## What is expected
Set the listing down again exactly, please, apart from its pictures.

## Data extract
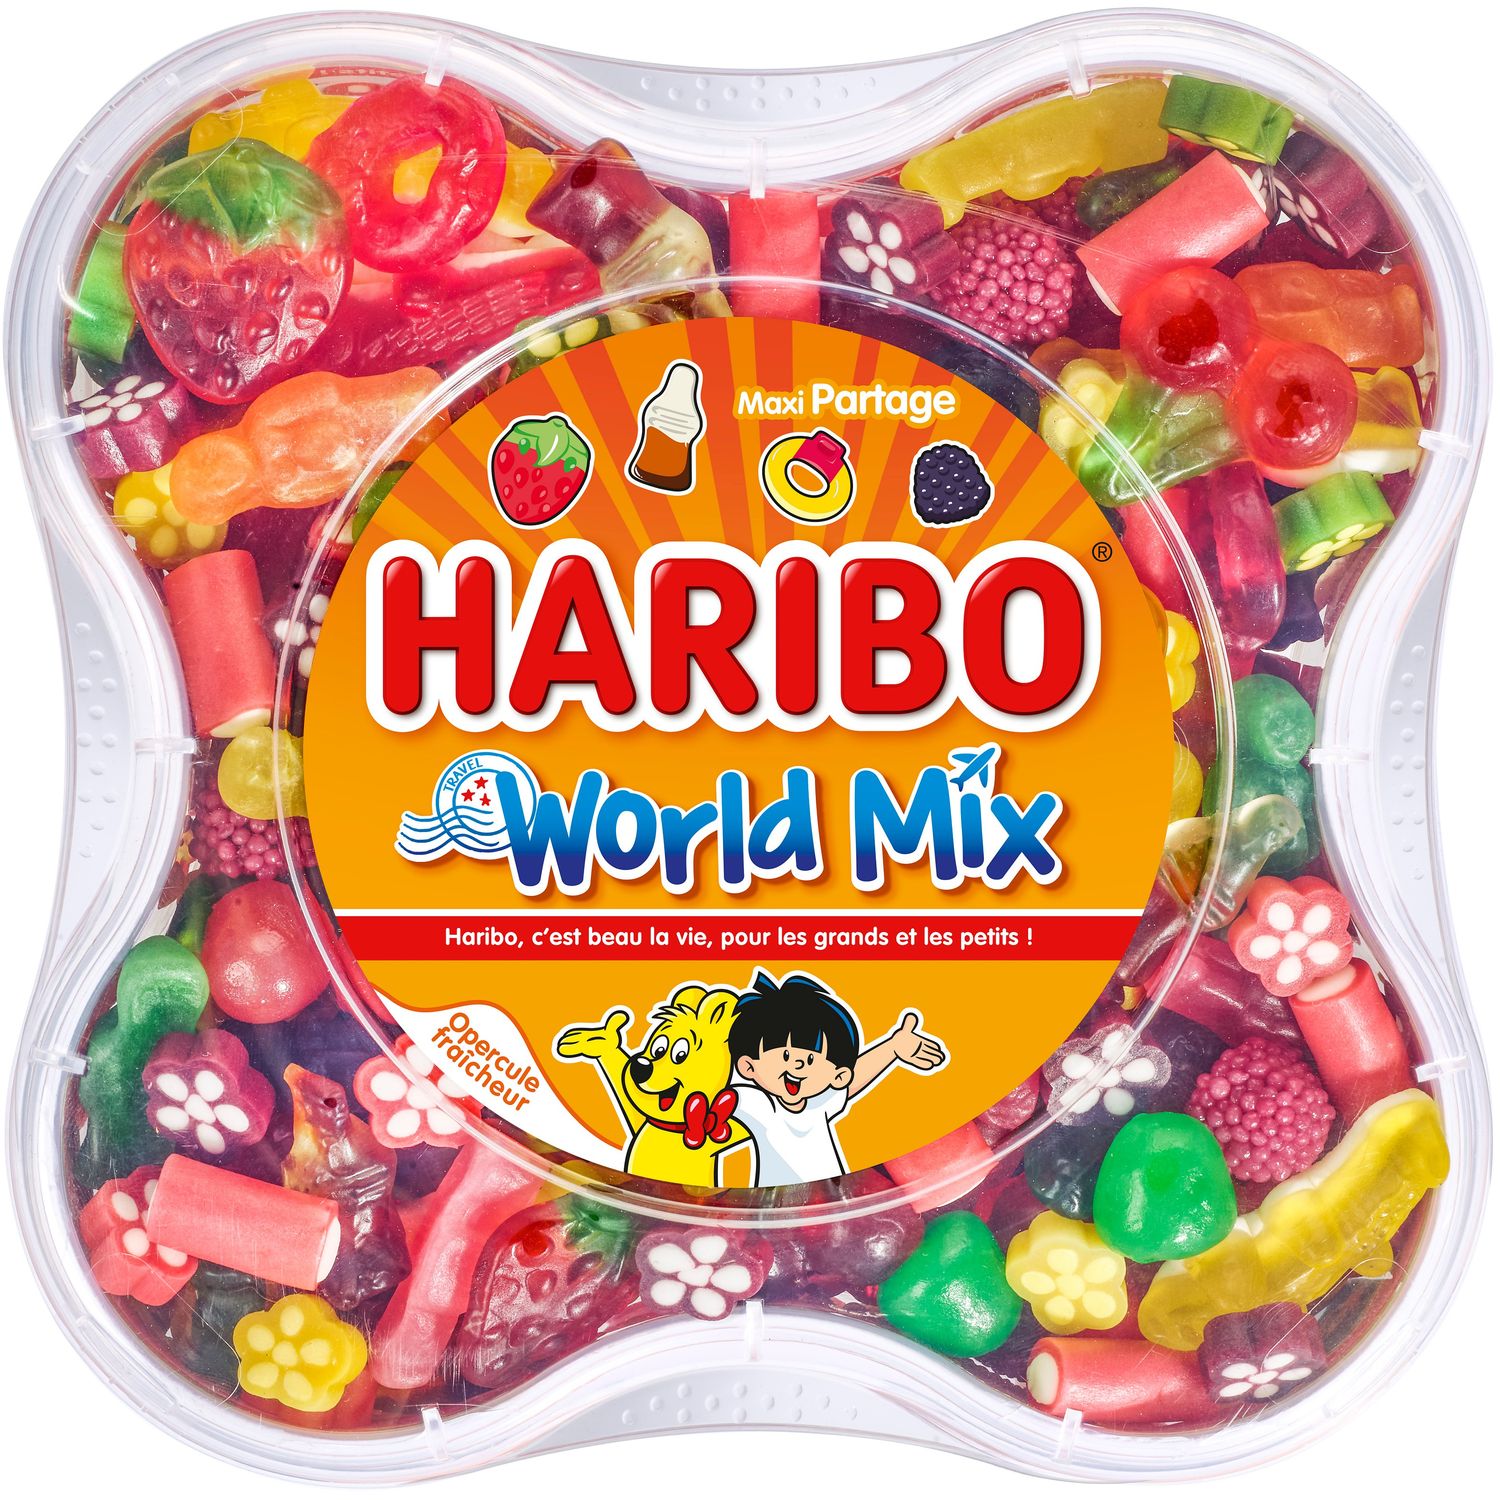 HARIBO World mix assortiment de bonbons boite 750g pas cher
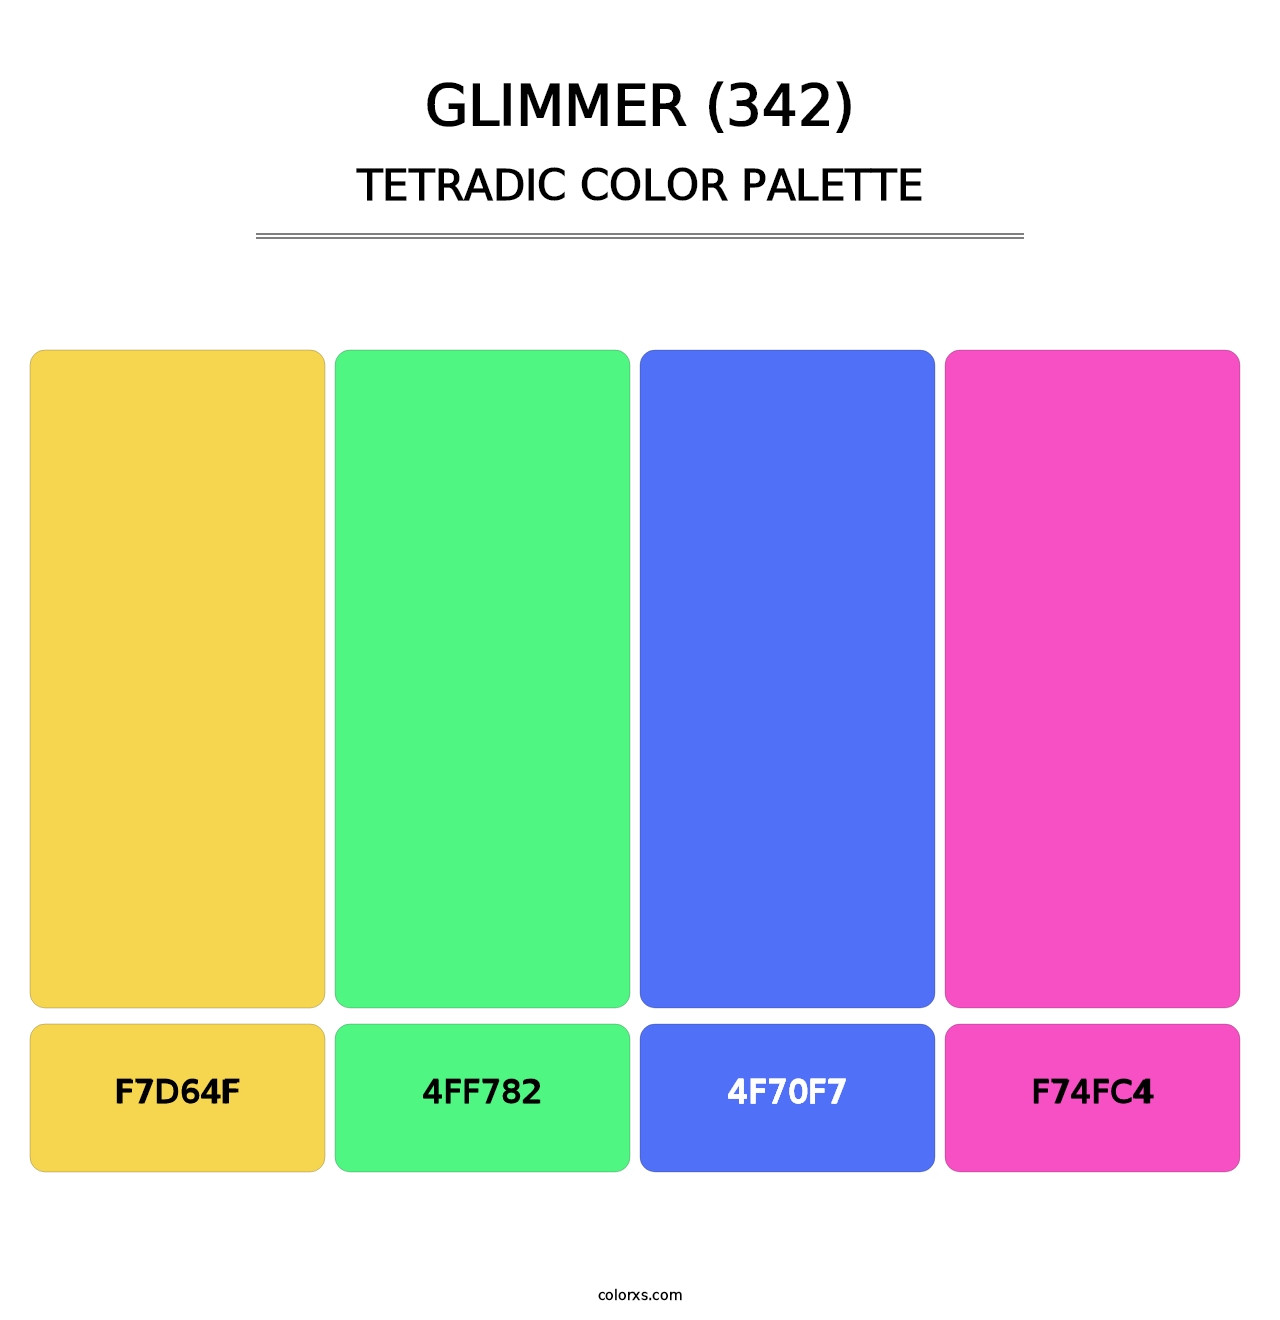 Glimmer (342) - Tetradic Color Palette
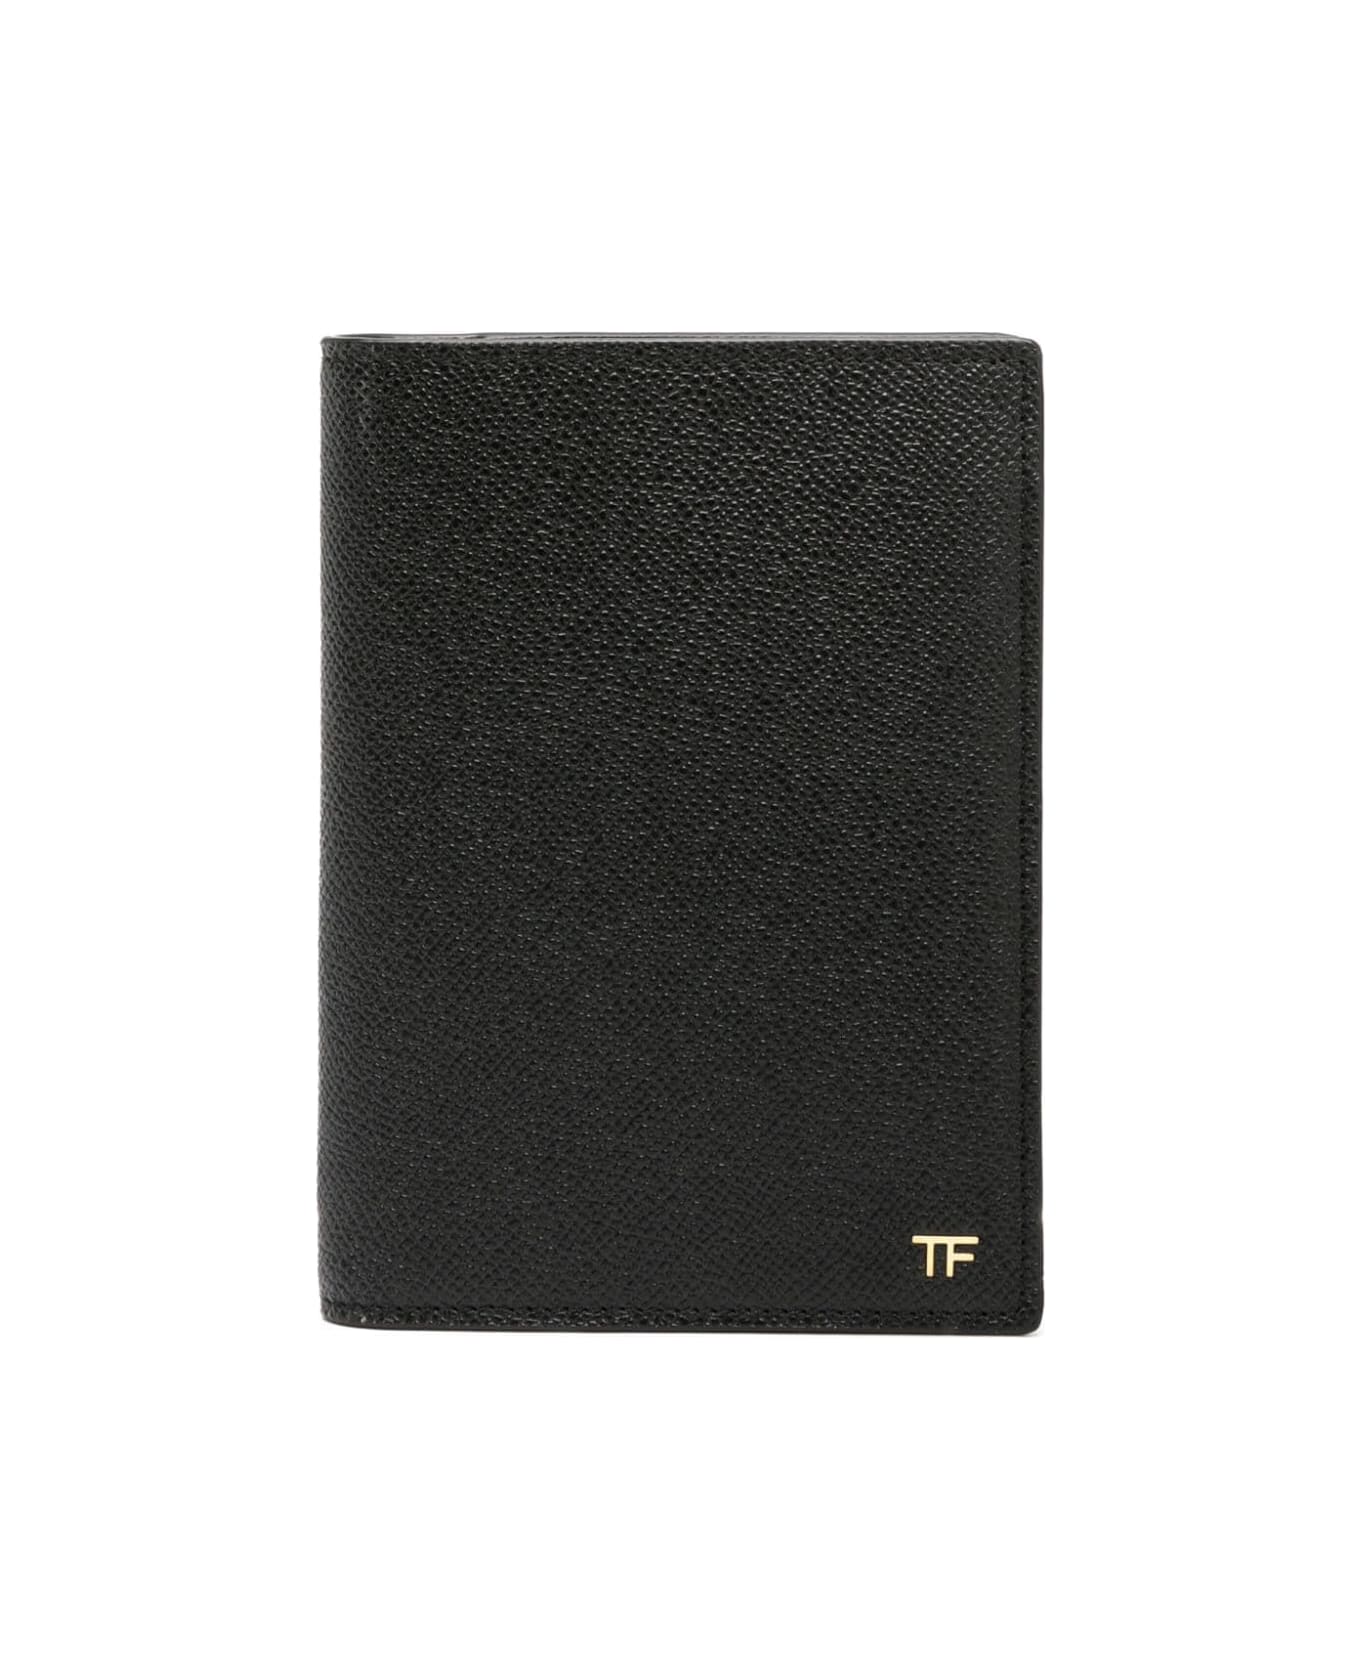 Tom Ford Stationary Wallet - Black

## Final answer
 HARIBO World mix assortiment de bonbons boite 750g pas cher
 Glimmer (342) - Tetradic Color Palette
 Tom Ford Stationary Wallet - Black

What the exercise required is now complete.